The 76-page special edition of The Sunday Times Magazine reveals the largest fall in the billionaire count in the guide’s 36-year history, from a peak of 177 in 2022 to 165 this year.

This year’s list of 350 individuals and families together hold combined wealth of £795.361 billion — a sum larger than the annual GDP of Poland. Sir Elton John, Lord Lloyd-Webber and David and Victoria Beckham all appear in the annual survey. The minimum entry for the list of 350 this year is £350 million.

Robert Watts, compiler of the Sunday Times Rich List, said: “This year’s Sunday Times Rich List suggests Britain’s billionaire boom has come to an end. Many of our home-grown entrepreneurs have seen their fortunes fall and some of the global super rich who came here are moving away.

“Thousands of British livelihoods rely on the super-rich to some extent. We’ll have to wait and see whether we have now reached peak billionaire, and what that means for our economy.”

Maintaining a pattern seen last year, numerous familiar names on the Rich List have faced significant financial setbacks. After a challenging year for Virgin Money and Galantic, Sir Richard Branson’s wealth has decreased to £2.4 billion, reverting to its 2000 level. Additionally, 2023’s top riser, Sir Jim Ratcliffe, has suffered considerable losses, dropping two positions on the list with a £6.169 billion decline in wealth. This downturn is largely attributed to a substantial drop in profits at Ineos Group Holdings SA.

The biggest fallers on this year’s list are as follows:

  • Sir Jim Ratcliffe, founder of the petrochemicals giant Ineos that now operates 194 sites in 29 countries. The father of three resides in Monaco and has bought a stake in Manchester United (£6.196 bn)
  • Sir James Dyson and family, Britain’s best-known inventor has established a university and pledged £35 million to his old school (£2.2bn)
  • Andy Currie: £1.919bn; Cambridge-educated Currie has been a director of the chemicals company Ineos since 1999. He owns almost 20 per cent of the £30 billion operation (£1.919bn)
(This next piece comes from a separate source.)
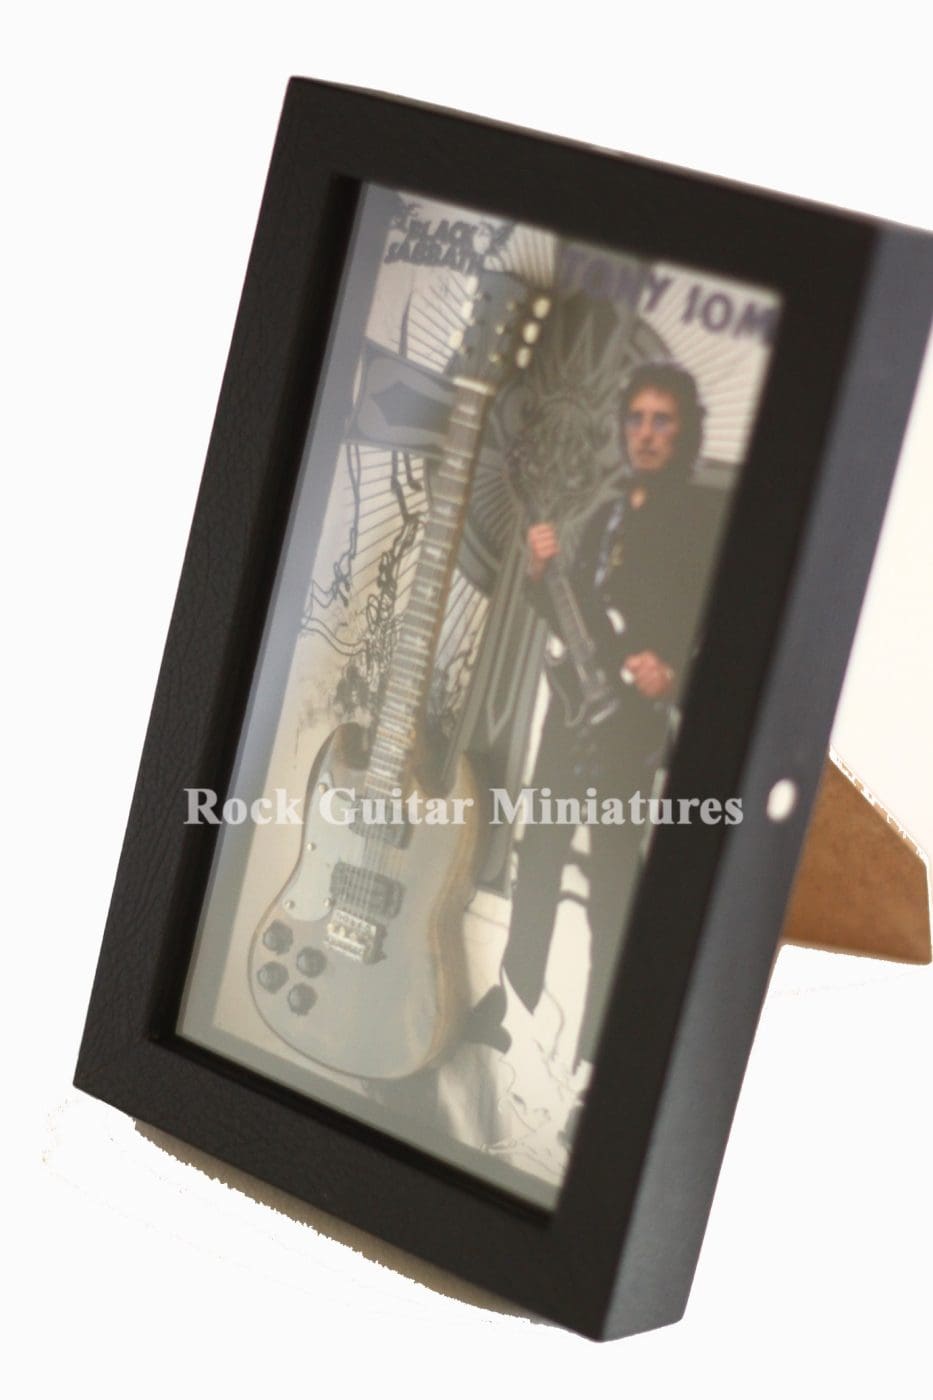 RGM8890 Tony Iommi Black Sabbah Miniature Guitar Collection in Shadowbox Frame

Meanwhile, Sir Paul McCartney has reached a milestone as the first UK musician to achieve billionaire status, boosting his wealth by £50 million. This increase comes after a year of touring and the lucrative value of his back catalogue, along with covers by Beyoncé.

The biggest risers this year are:

  • Barnaby and Merlin Swire and family, the family’s two-century-old business owns a significant stake in Cathay Pacific and has extensive interests in Hong Kong (£8.82bn)
  • Idan Ofer, is the son of Sammy Ofer, who built a shipping empire after serving in the Royal Navy during the Second World War (£6.96bn)
  • John Frederiksen and family, Fredriksen, a Norway-born Cypriot oil and tanker tycoon, has twin daughters who stand to inherit his empire. He owns a Chelsea mansion with a ballroom (£4.556bn)
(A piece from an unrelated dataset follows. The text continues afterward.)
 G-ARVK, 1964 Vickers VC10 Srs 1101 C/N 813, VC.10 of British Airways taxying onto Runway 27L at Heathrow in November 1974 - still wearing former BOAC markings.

Robert Watts, compiler of the Sunday Times Rich List, said: “These may be harder times to create wealth, but The Sunday Times Rich List continues to unearth entrepreneurs building fortunes in diverse and often surprising ways. This year’s new entries include people who have made money from artificial intelligence and virtual worlds as well as plumbing supplies and teaching aides.

“We know many of our readers find such people — especially those from humbler backgrounds — very inspiring.”
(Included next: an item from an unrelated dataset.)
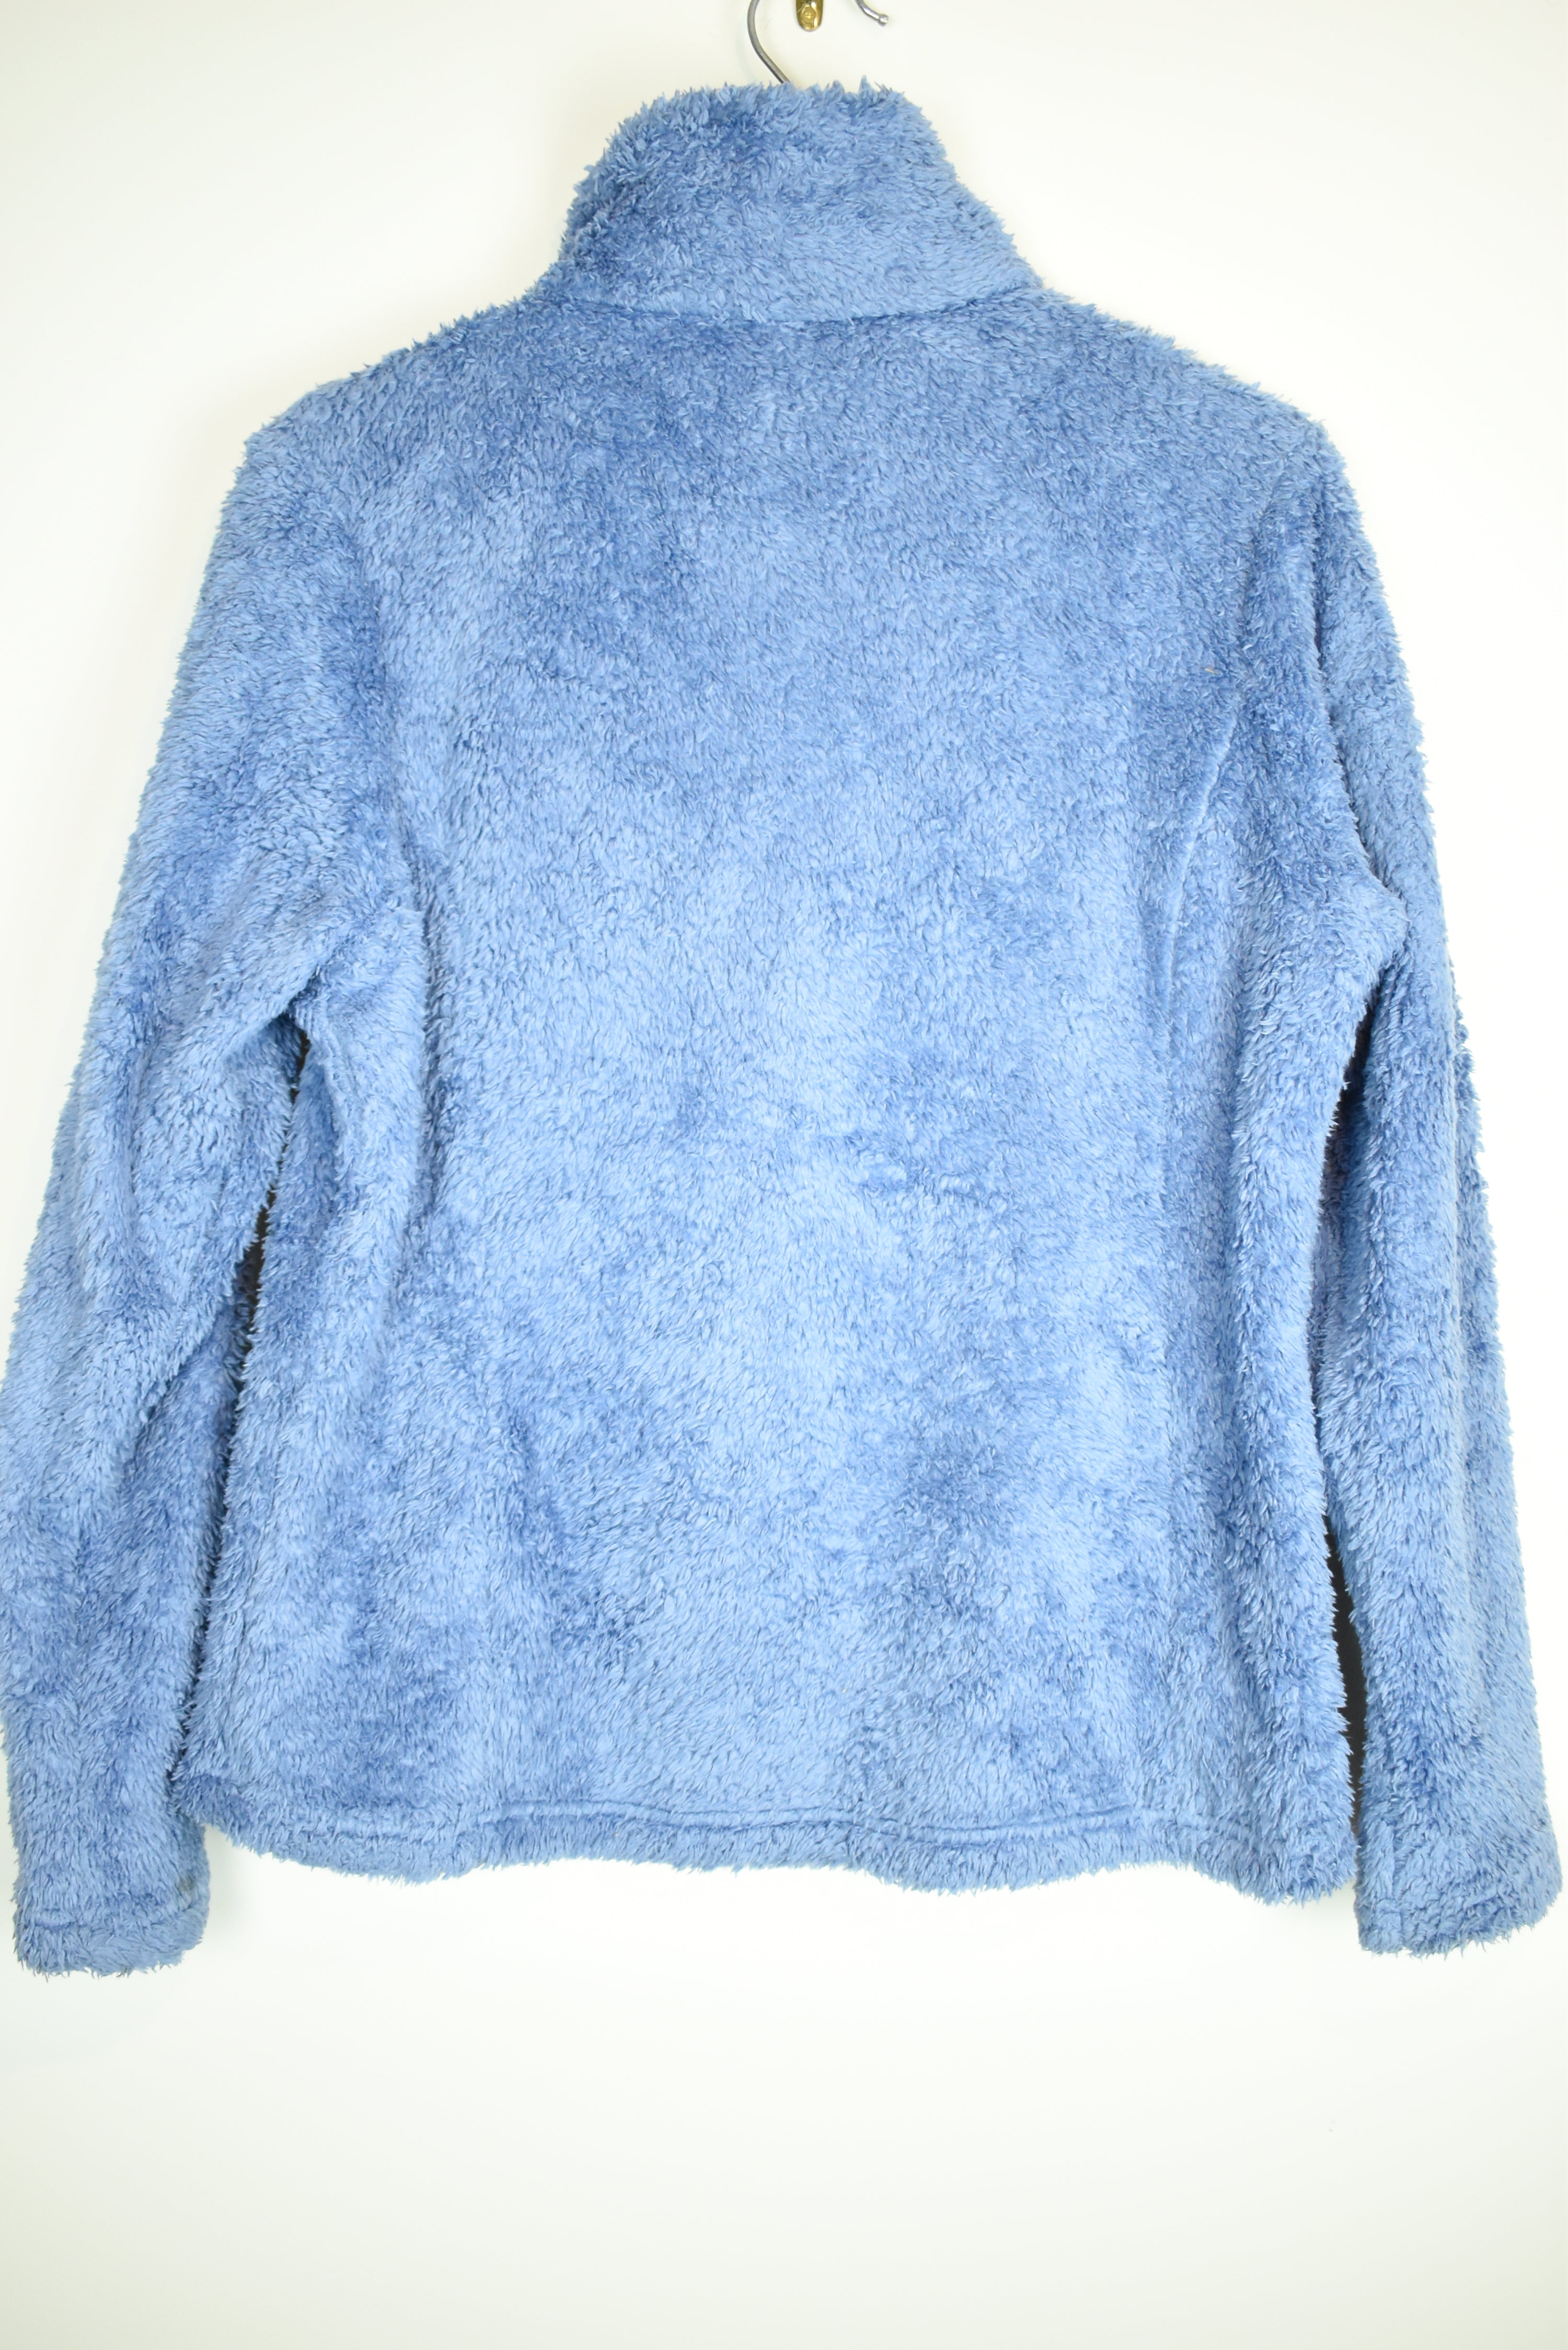 Vintage Patagonia Polar Fleece Medium | Vintage Clothing

This year’s new entries include:

  • Graham King who has amassed a £750 million fortune from holiday parks, inheritance and housing asylum seekers for the government
  • Jon and Susie Seaton, a couple who founded Twinkl, an education publisher at their Sheffield kitchen table and sold a stake valuing the teaching aide’s business at £500 million
  • Euan Blair,Tony Blair’s eldest son, who set up the £1.4 billion apprenticeship tech firm Multiverse that matches people with apprenticeships at more than 1,500 firms, ranging from Google and Microsoft to Pfizer and Net-a-Porter, where they can earn a salary as they learn
  • Sir Lewis Hamilton, the Formula 1 ace is based in Monaco and leaks suggest his new contract with Ferrari could be worth as much as $446 million.